I think fault tolerance is the most important aspect of distributed algorithms, for two reasons: 1) in practice, things break, and you want your data / system to continue working. 2) If you assume there are no failures, things get “easy”. Many, many problems become trivially solved; and that’s just boring!
So you’re convinced that fault tolerance is important, but why do I need to dedicate a post to it? Fault tolerance is not only important, it is also very hard to achieve. In fact, there are quite a few problems that can’t be solved if there are failures. (Can’t be solved, until we strengthen our assumptions, or change something in the setting.)
To see why fault tolerance is hard, let’s consider an example from a near by field: the RAID 5 storage. In RAID 5 you have an array of n disks, and you read/write data to them. To support the scenario when one of these disks fails, when you want to write n-1 bits, you write a single bit to each disk, and in the nth disk you write the xor of all the n-1 bits. That way, if some disk is ruined, its content can be recovered by xor-ing the data of the working disks.
RAID 5 is a cool idea, and it seems to be pretty straightforward to implement.

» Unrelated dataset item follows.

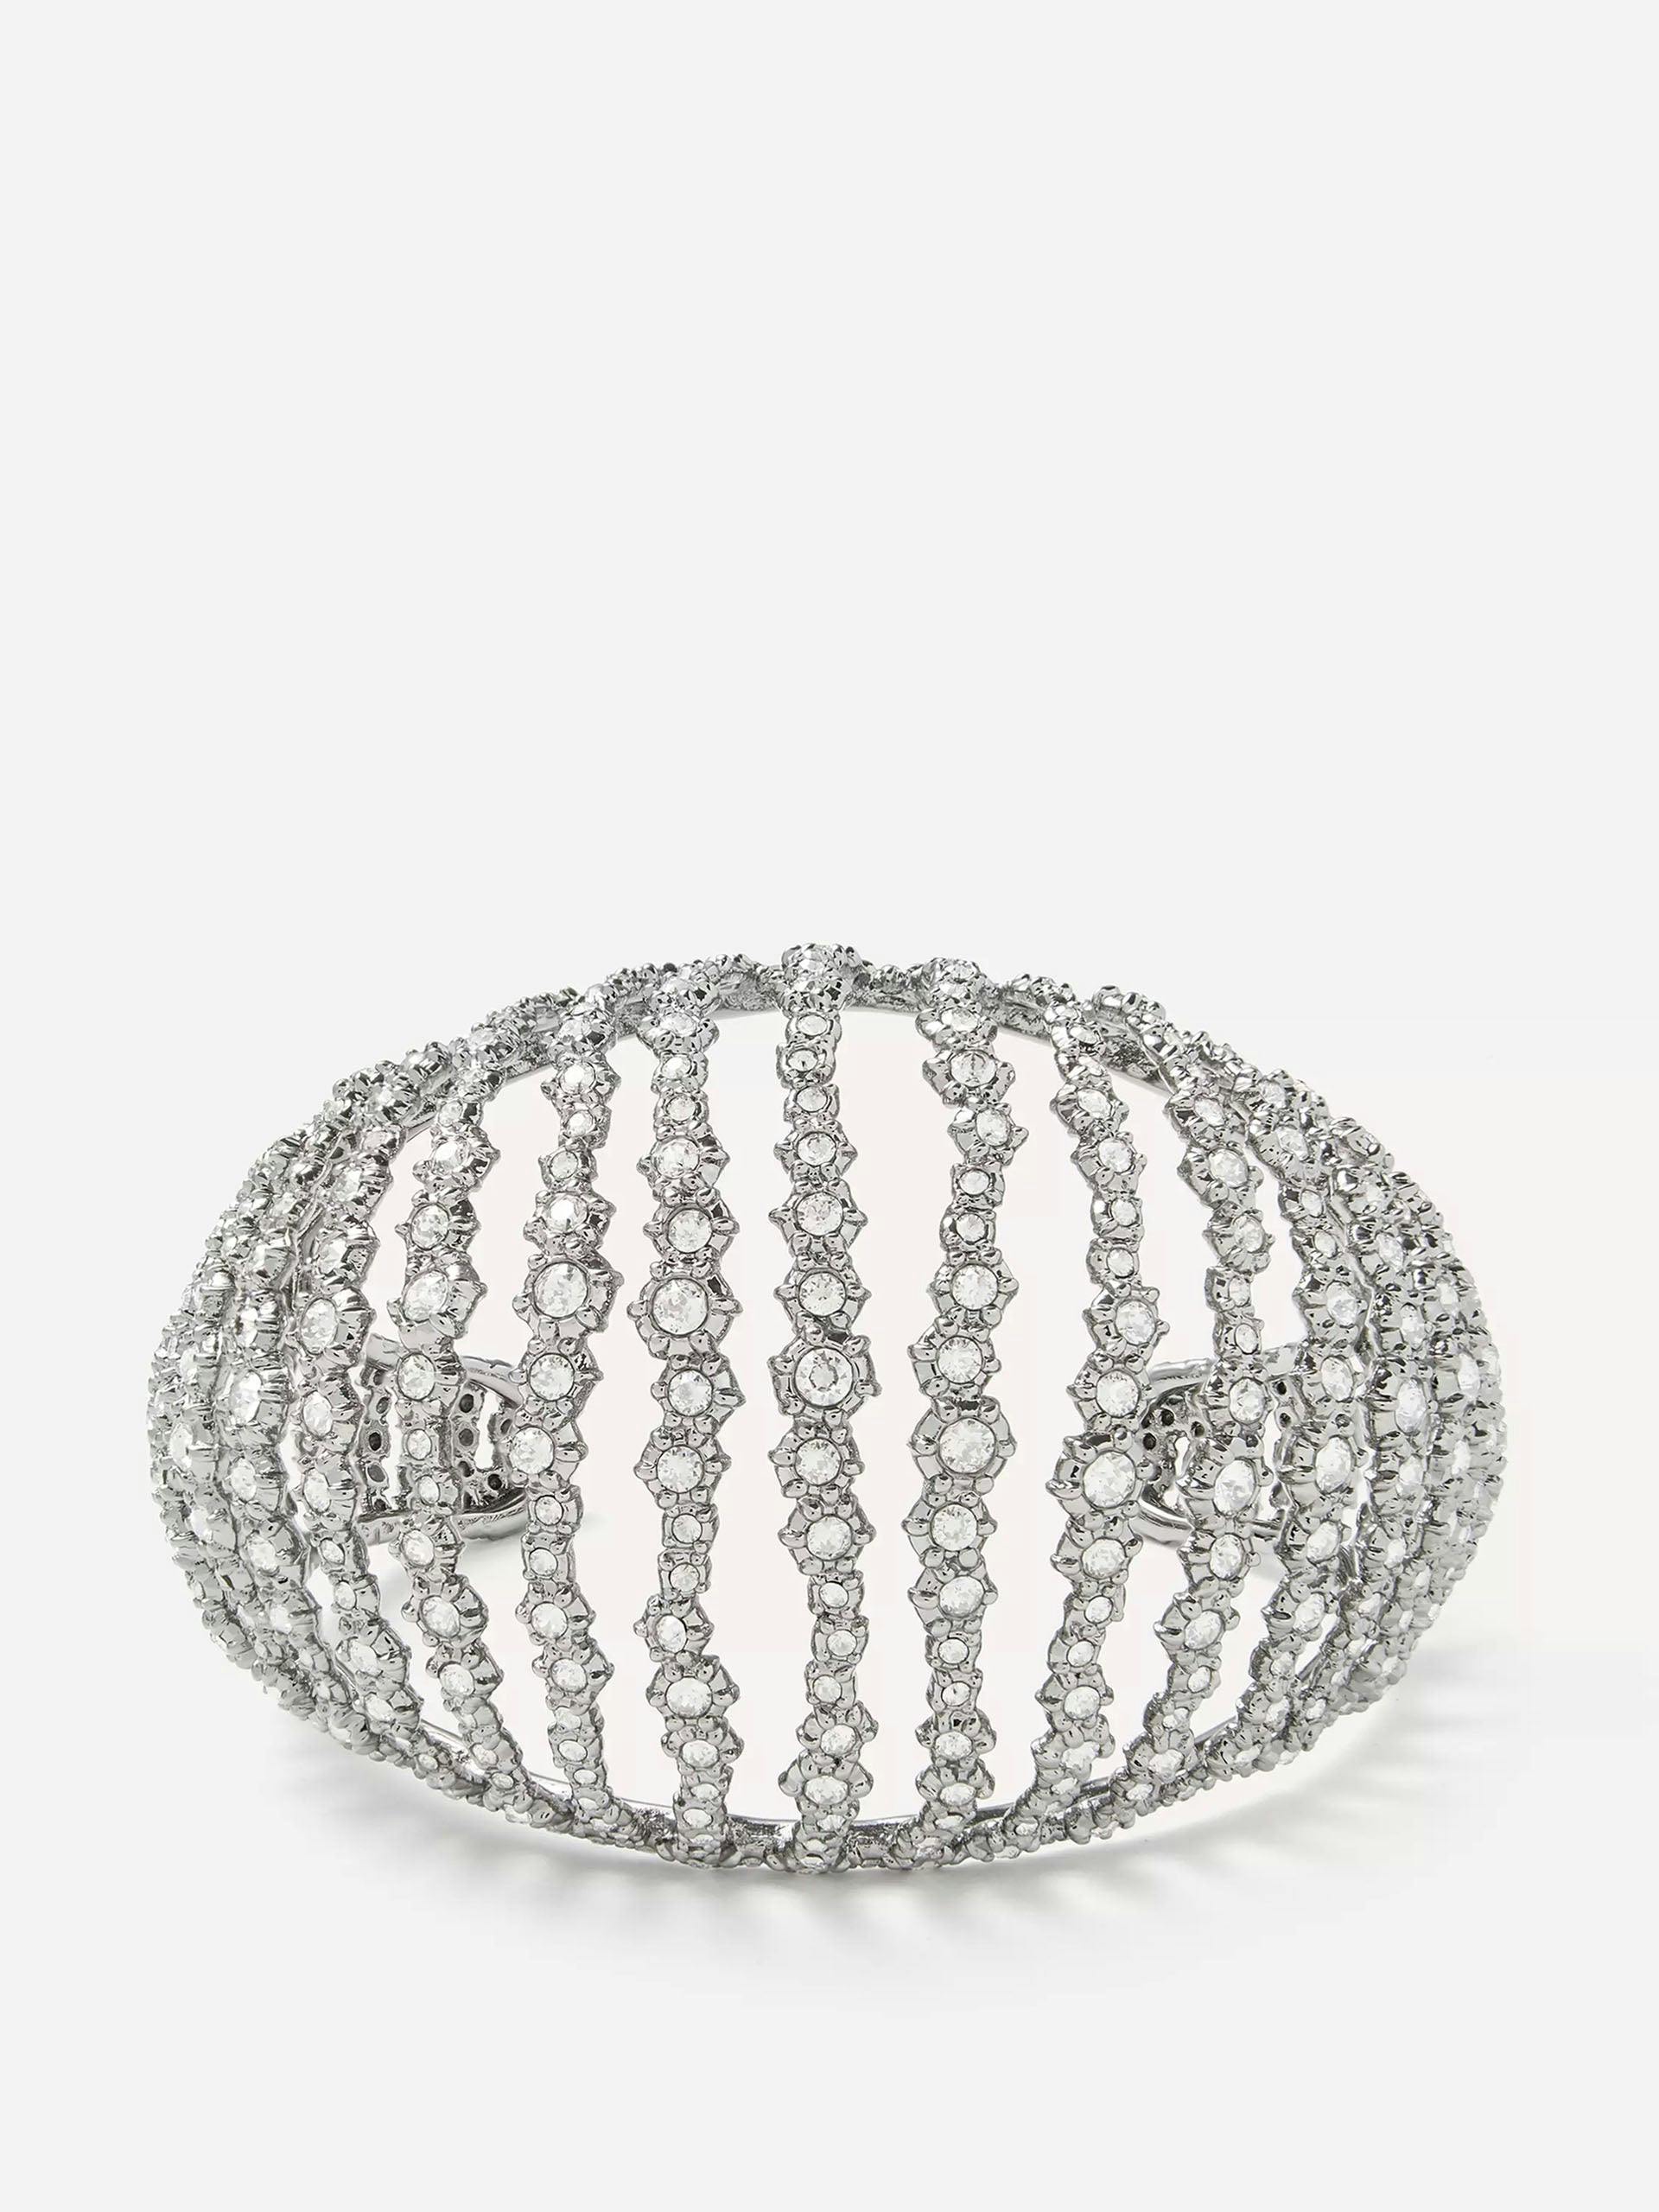 Crystal cuff bracelet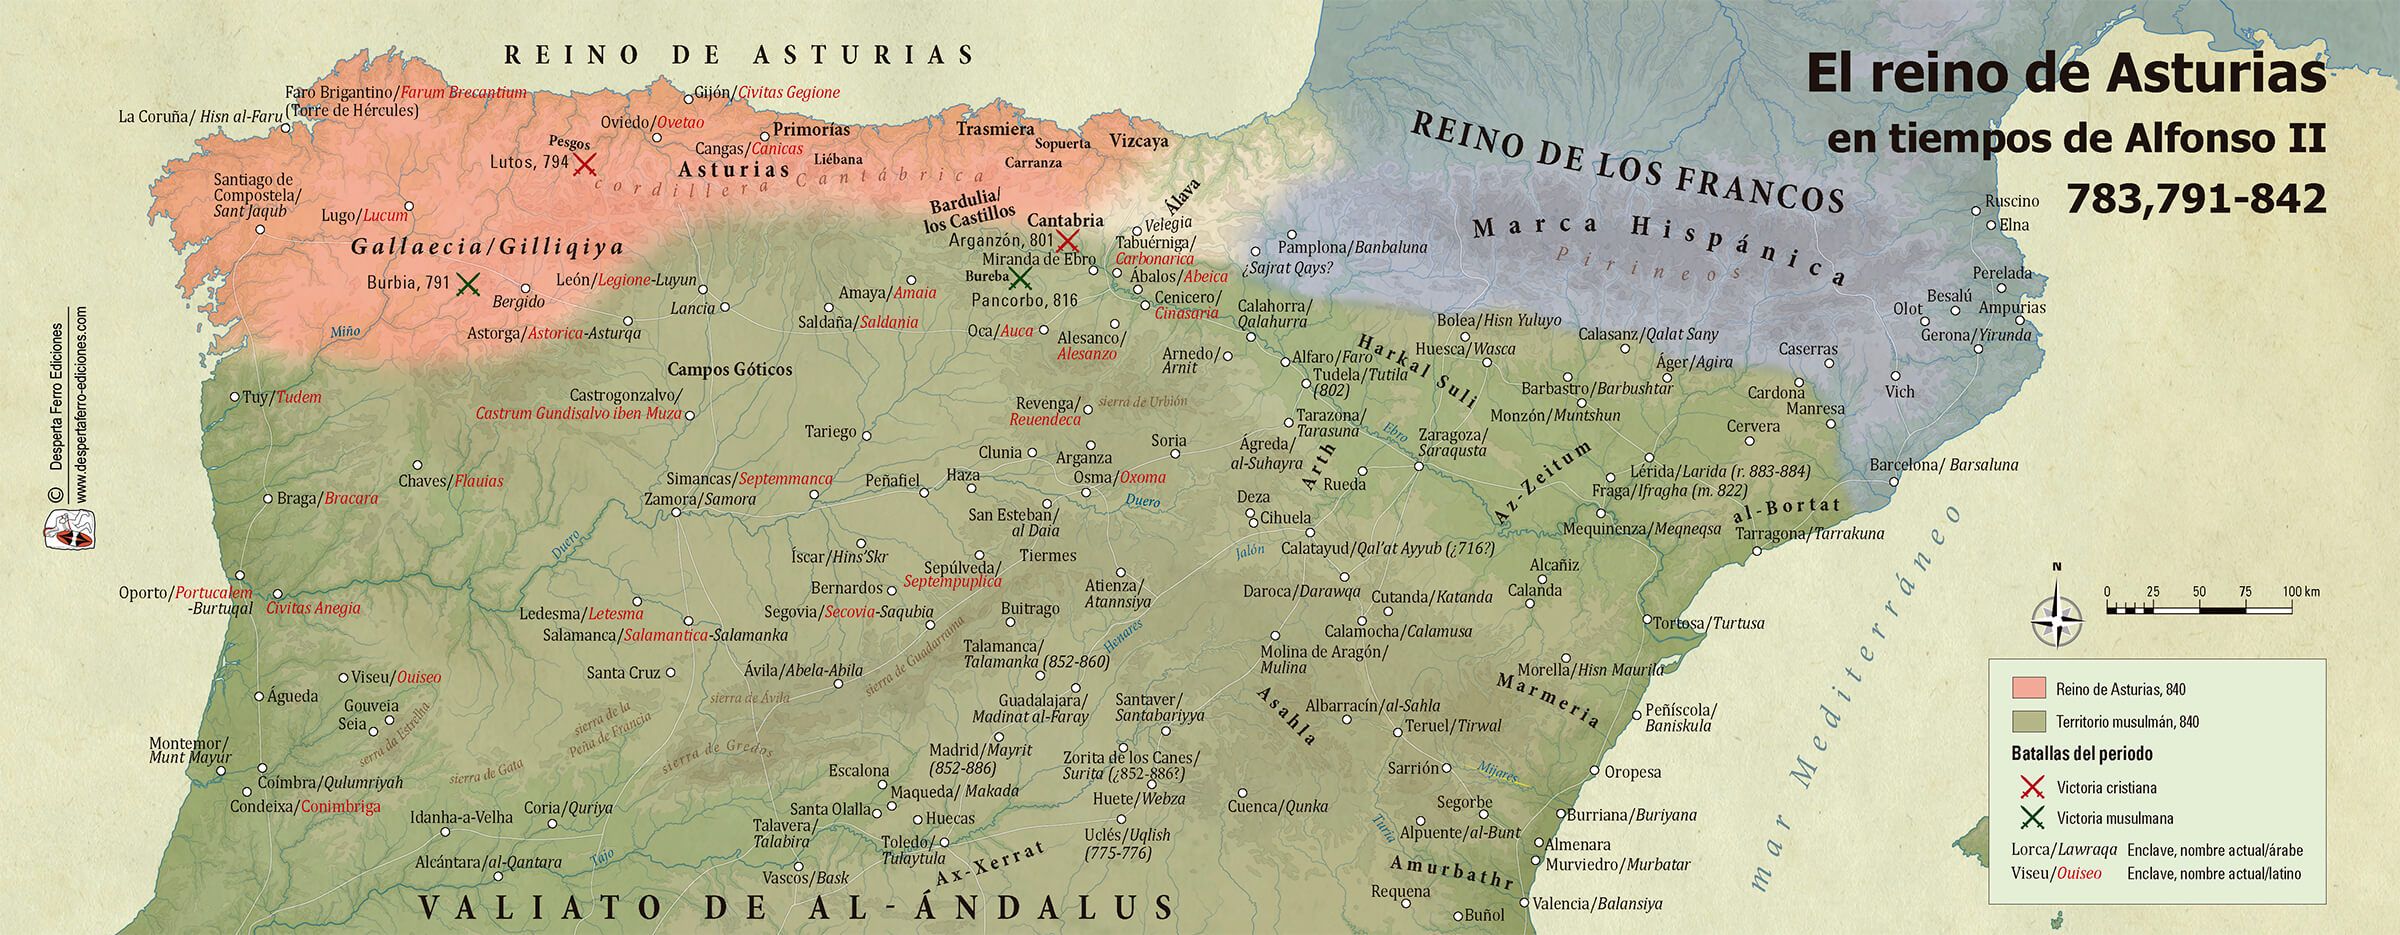 Mapa del reino de Asturias en tiempos de Alfonso II

There are two assumptions underlying the above description that make everything much easier: 1) when you write data to the disks, you either succeed or fail, and you know immediately which happened; 2) there is some centralized controller that ensures that at most one write occurs at any given moment. In essence, this means that the type of failures you’re dealing with are less “distributed” in their nature.
Now, let’s turn to a distributed system, which has n servers, each one storing data for read/write access. We want everything to be fault tolerant, s.t. everything continues to work if a single server fails. How can we implement the RAID 5 concepts in such a system? Suppose each time we want to write n-1 bits, we send each bit to a different server and the xor of all the bits is sent to the nth server.
But, what if two different clients try to write different values to the same location? In the RAID 5 original setting, we had a controller to streamline the writes. If we add a controller server, then we have a single point of failure, and if the controller server fails then the system grinds to a halt. If we don’t add a controller, then it is possible that n-1 bits of one value will be written, together with the xor of the bits of the second value.
Even if we have a simpler setting, in which the same bit is written to all the servers (i.e., instead of writing n-1 different bits of data to n server, the same single bit is written to all servers), we still have the same problem. Either we have a central coordinator (creating a single point of failure) or we need to handle the case when multiple writes occur concurrently. Actually, we don’t even need to have multiple writes. Suppose a client starts writing its bit to the n servers, and after writing to half of the server, the client crashes. Now, another client tries to read the value from the servers. What result should be returned?
A possible solution would be to say something like “read the value from all the servers, and return what the majority says”. Such a solution is very unstable. Suppose half of the servers receive the “write 1” command, while almost half didn’t. In such a setting, a single server’s failure could change the answer to “what data is written in the system”. It could actually get worse: if one of the servers doesn’t crash, but instead has message drops; leading to different clients getting different majorities, and thus deciding differently if it’s a 1 or not.
To sum up, I hope I’ve managed to convince you that fault tolerance in distributed systems is both important and hard. I also hope you find the problem interesting, I certainly do, and in the next few posts I’ll try to dive a bit more into this area.